PROC CORRESP has two output data sets. The OUTC= data set contains coordinates and the results of the correspondence analysis. The OUTF= data set contains frequencies and other cross-tabulation results.
The OUTC= data set contains two or three character variables and numeric variables, where n is the number of axes from DIMENS=n (two by default). The OUTC= data set contains one observation for each row, column, supplementary row, and supplementary column point, and one observation for inertias.
The first variable is named _TYPE_
and identifies the type of observation. The values of _TYPE_
are as follows:
The 'INERTIA' observation contains the total inertia in the INERTIA variable, and each dimension’s inertia in the Contr1
–Contrn
variables.
The 'OBS' observations contain the coordinates and statistics for the rows of the table.
The 'SUPOBS' observations contain the coordinates and statistics for the supplementary rows of the table.
The 'VAR' observations contain the coordinates and statistics for the columns of the table.
The 'SUPVAR' observations contain the coordinates and statistics for the supplementary columns of the table.
If you specify the SOURCE option, then the data set also contains a variable _VAR_
containing the name or label of the input variable from which that row originates. The name of the next variable is either
_NAME_
or (if you specify an ID statement) the name of the ID variable.
For observations with a value of 'OBS' or 'SUPOBS' for the _TYPE_
variable, the values of the second variable are constructed as follows:
When you use a VAR statement without an ID statement, the values are 'Row1', 'Row2', and so on.
When you specify a VAR statement with an ID statement, the values are set equal to the values of the ID variable.
When you specify a TABLES statement, the _NAME_
variable has values formed from the appropriate row variable values.
For observations with a value of 'VAR' or 'SUPVAR' for the _TYPE_
variable, the values of the second variable are equal to the names or labels of the VAR (or SUPPLEMENTARY) variables. When
you specify a TABLES statement, the values are formed from the appropriate column variable values.

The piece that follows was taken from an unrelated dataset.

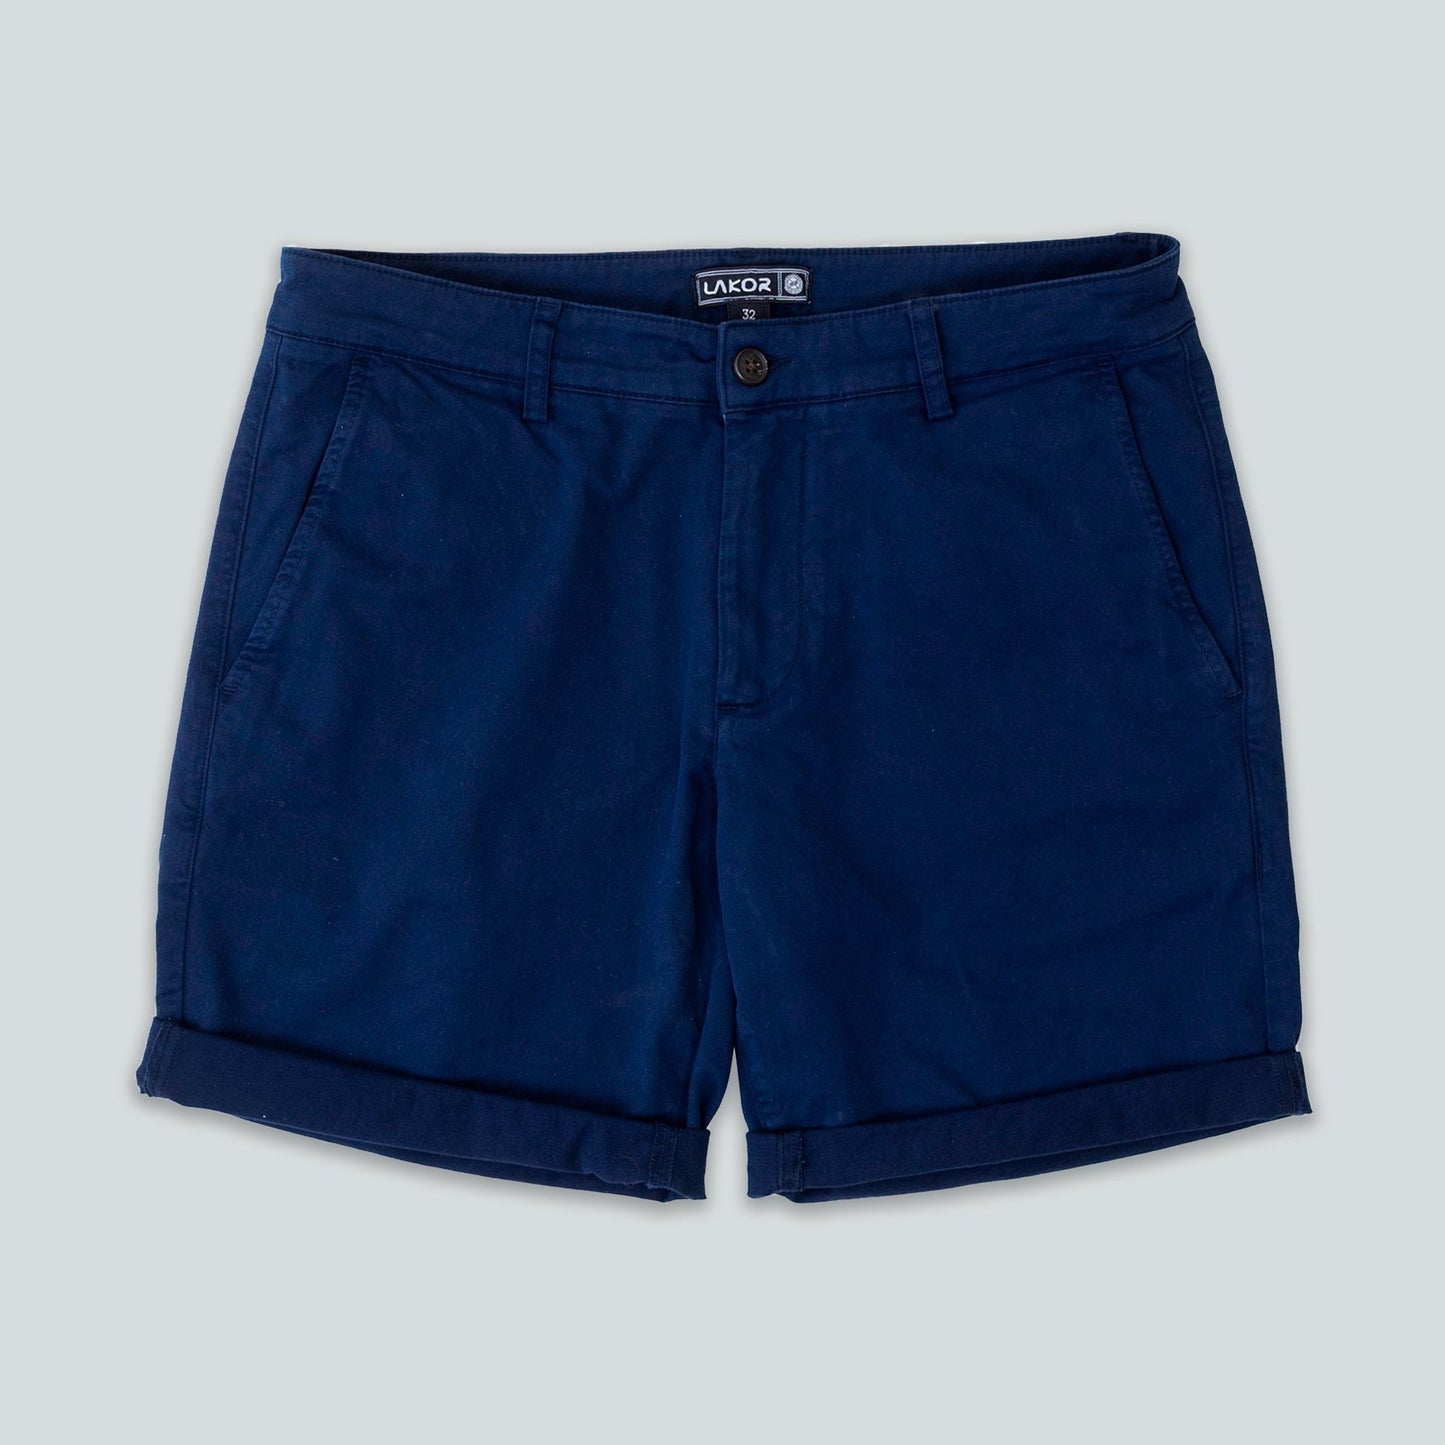 Lakor - Chino Shorts (Navy)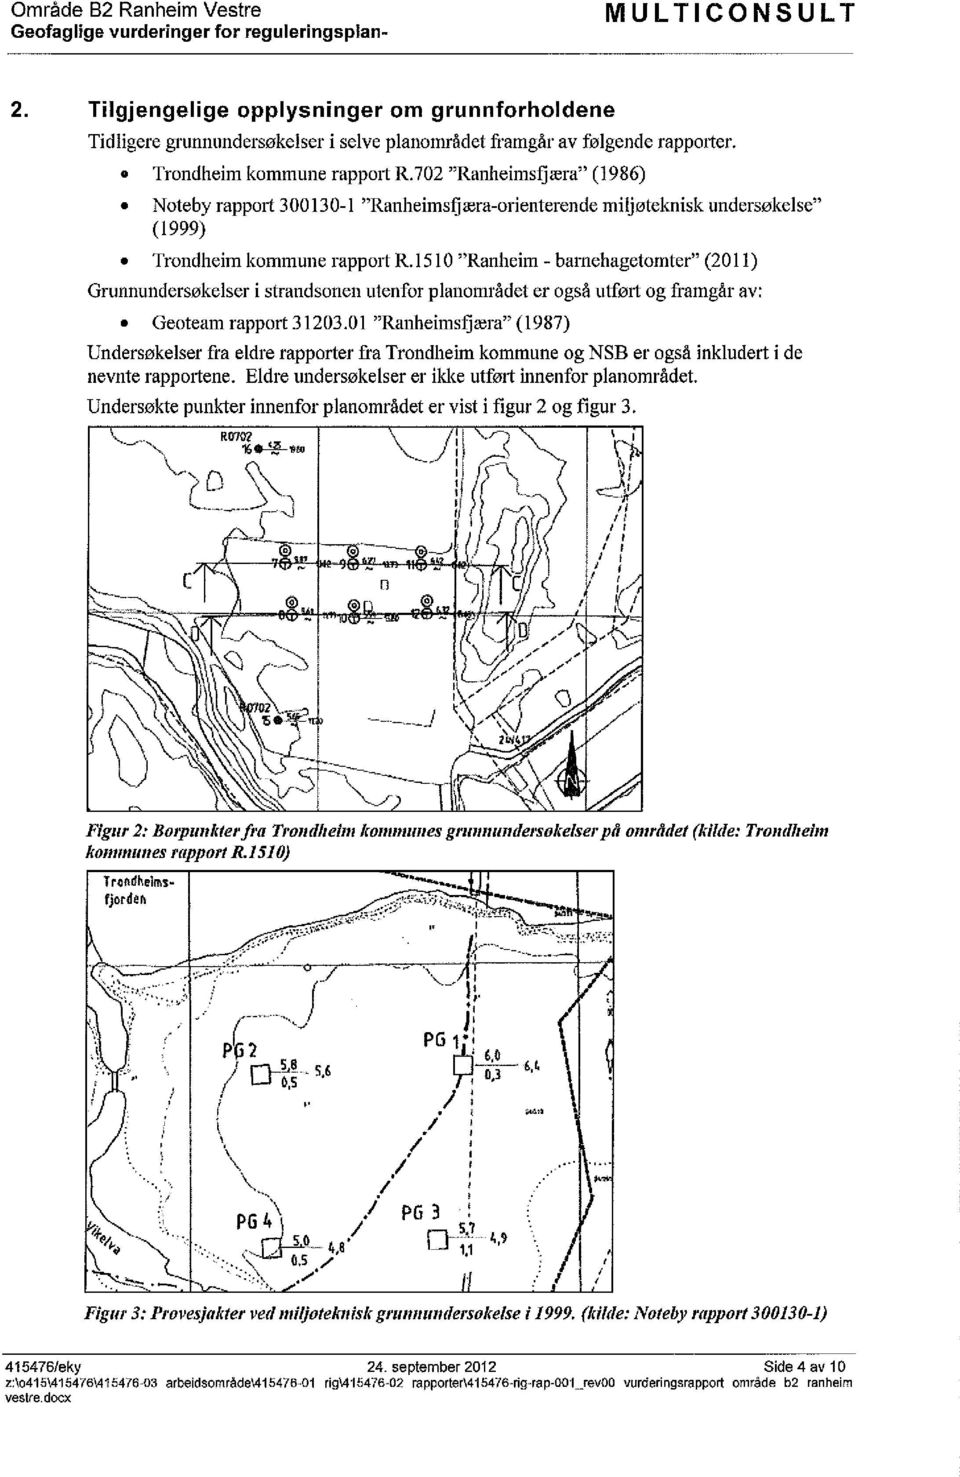 er også utført og framgår av: Geoteam rapport 3120301 "Ranheimsfjæra" (1987) Undersøkelser fra eldre rapporter fra Trondheim kommune og NSB er også inkludert i de nevnte rapportene Eldre

The third and subsequent variables contain the numerical results of the correspondence analysis.
Quality
contains the quality of each point’s representation in the DIMENS=n dimensional display, which is the sum of squared cosines over the first n dimensions.
Mass
contains the masses or marginal sums of the relative frequency matrix.
Inertia
contains each point’s relative contribution to the total inertia.
Dim1
–Dimn
contain the point coordinates.
Contr1
–Contrn
contain the partial contributions to inertia.
SqCos1
–SqCosn
contain the squared cosines.
Best1
–Bestn
and Best
contain the summaries of the partial contributions to inertia.
The OUTF= data set contains frequencies and percentages. It is similar to a PROC FREQ output data set. The OUTF= data set
begins with a variable called _TYPE_
, which contains the observation type. If the SOURCE option is specified, the data set contains two variables, _ROWVAR_
and _COLVAR_
, that contain the names or labels of the row and column input variables from which each cell originates. The next two variables
are classification variables that contain the row and column levels. If you use TABLES statement input and each variable list
consists of a single variable, the names of the first two variables match the names of the input variables; otherwise, these
variables are named Row
and Column
. The next two variables are Count
and Percent
, which contain frequencies and percentages.
The _TYPE_
variable can have the following values:
'OBSERVED' observations contain the contingency table.
'SUPOBS' observations contain the supplementary rows.
'SUPVAR' observations contain the supplementary columns.
'EXPECTED' observations contain the product of the row marginals and the column marginals divided by the grand frequency of the observed frequency table. For ordinary two-way contingency tables, these are the expected frequency matrix under the hypothesis of row and column independence.
'DEVIATION' observations contain the matrix of deviations between the observed frequency matrix and the product of its row marginals and column marginals divided by its grand frequency. For ordinary two-way contingency tables, these are the observed minus expected frequencies under the hypothesis of row and column independence.
'CELLCHI2' observations contain contributions to the total chi-square test statistic.
'RP' observations contain the row profiles.
'SUPRP' observations contain supplementary row profiles.
'CP' observations contain the column profiles.
'SUPCP' observations contain supplementary column profiles.